Cerryl nodded, wondering if it would be a day where Tellis declaimed for all too long and then bemoaned the fact that Cerryl had copied too little.

“Now. . what is the formula for common ink?”

“The distillate of galls,” began the young man, “the darkest of acorn seepings, boiled to nearly a syrup, the finest of soot powders, with just a hint of sweetsap. .”

“And only a hint,” interrupted Tellis. “And the stronger ink?”

“Black oak bark, iron brimstone. .” Cerryl paused. “You’ve never given me the amounts exactly.”

Tellis shrugged. “How could I? The strength of the galls, the acorns, and the black oak bark are never the same. You must sense the ink, as I do, if you wish to be a master scrivener. Of everything in life be that true.”

“What?”

“Is the avenue the same each time you go to the square? Or a stream? It appears the same. . but is it?”
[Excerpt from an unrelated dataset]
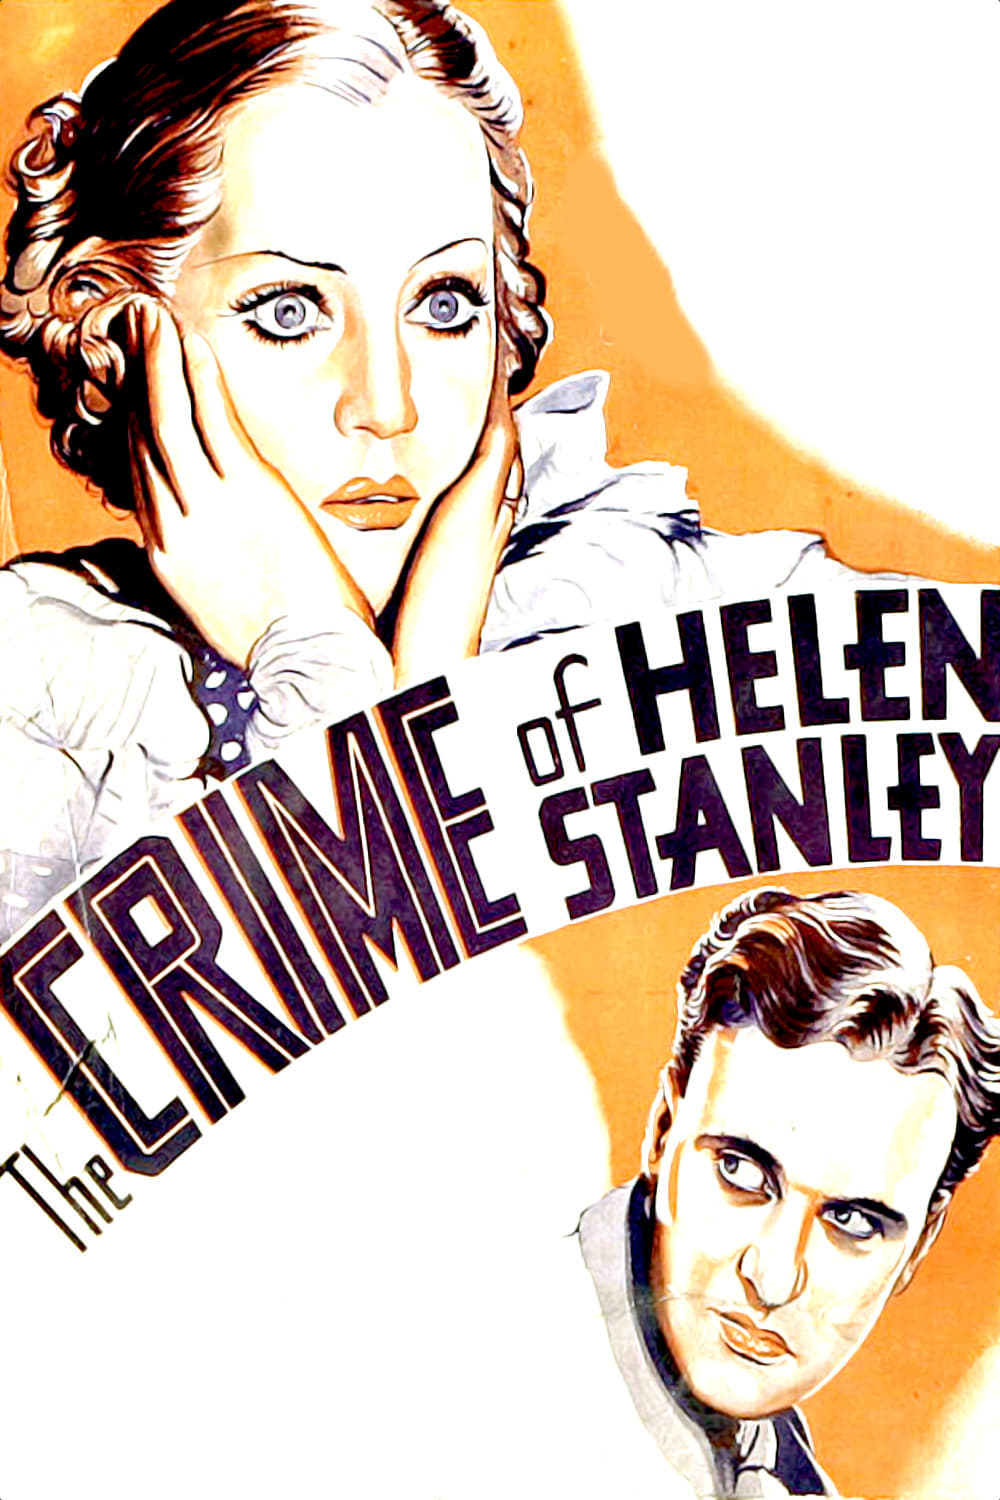 The Crime of Helen Stanley (1934)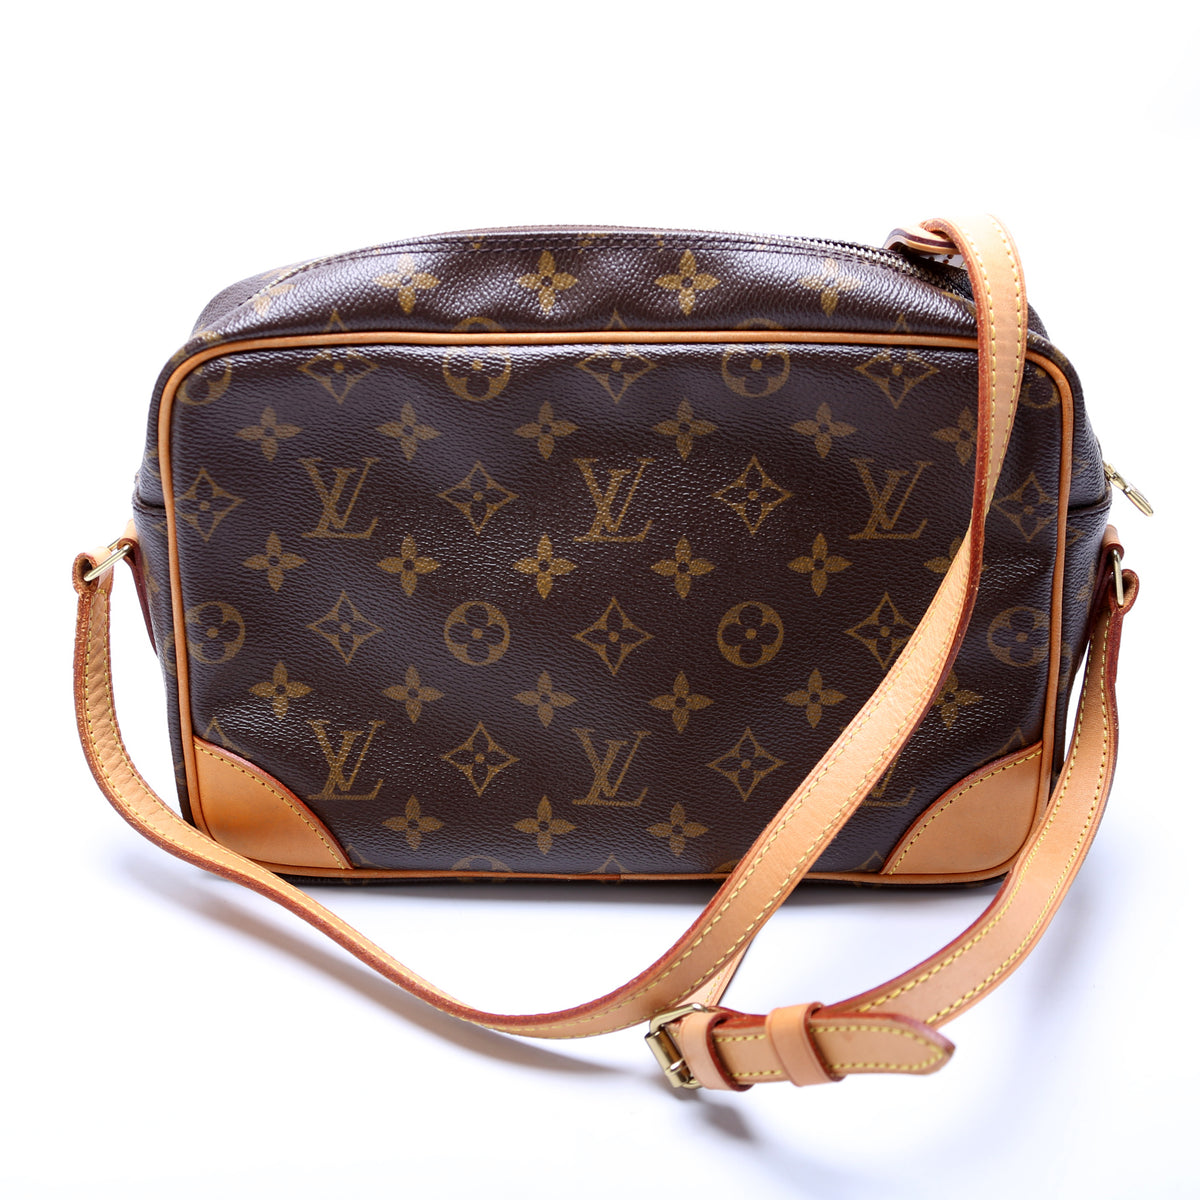 Louis+Vuitton+Trocadero+Shoulder+Bag+Red+Leather for sale online

“That old argument!” A brassy laugh echoed through the workroom from the doorway where Benthann stood. “He has fine words, young Cerryl, but they are only words.” She stepped into the room and toward Tellis. “I need some silvers for the market.”

Tellis stepped away from the worktable. “Get on with the copying, Cerryl. I’ll be but a moment.”

“Yes, ser.”

As the scrivener followed Benthann back toward the kitchen and common roam, Cerryl cleaned the quill’s nib, then took the penknife and sharpened it before dipping it into the ink.

Oxen didn’t change-or Dylert’s hadn’t-and Tellis was saying that most people didn’t either.

His eyes fixed on a faint ink splot on the plastered wall. He wouldn’t be most people. He wouldn’t.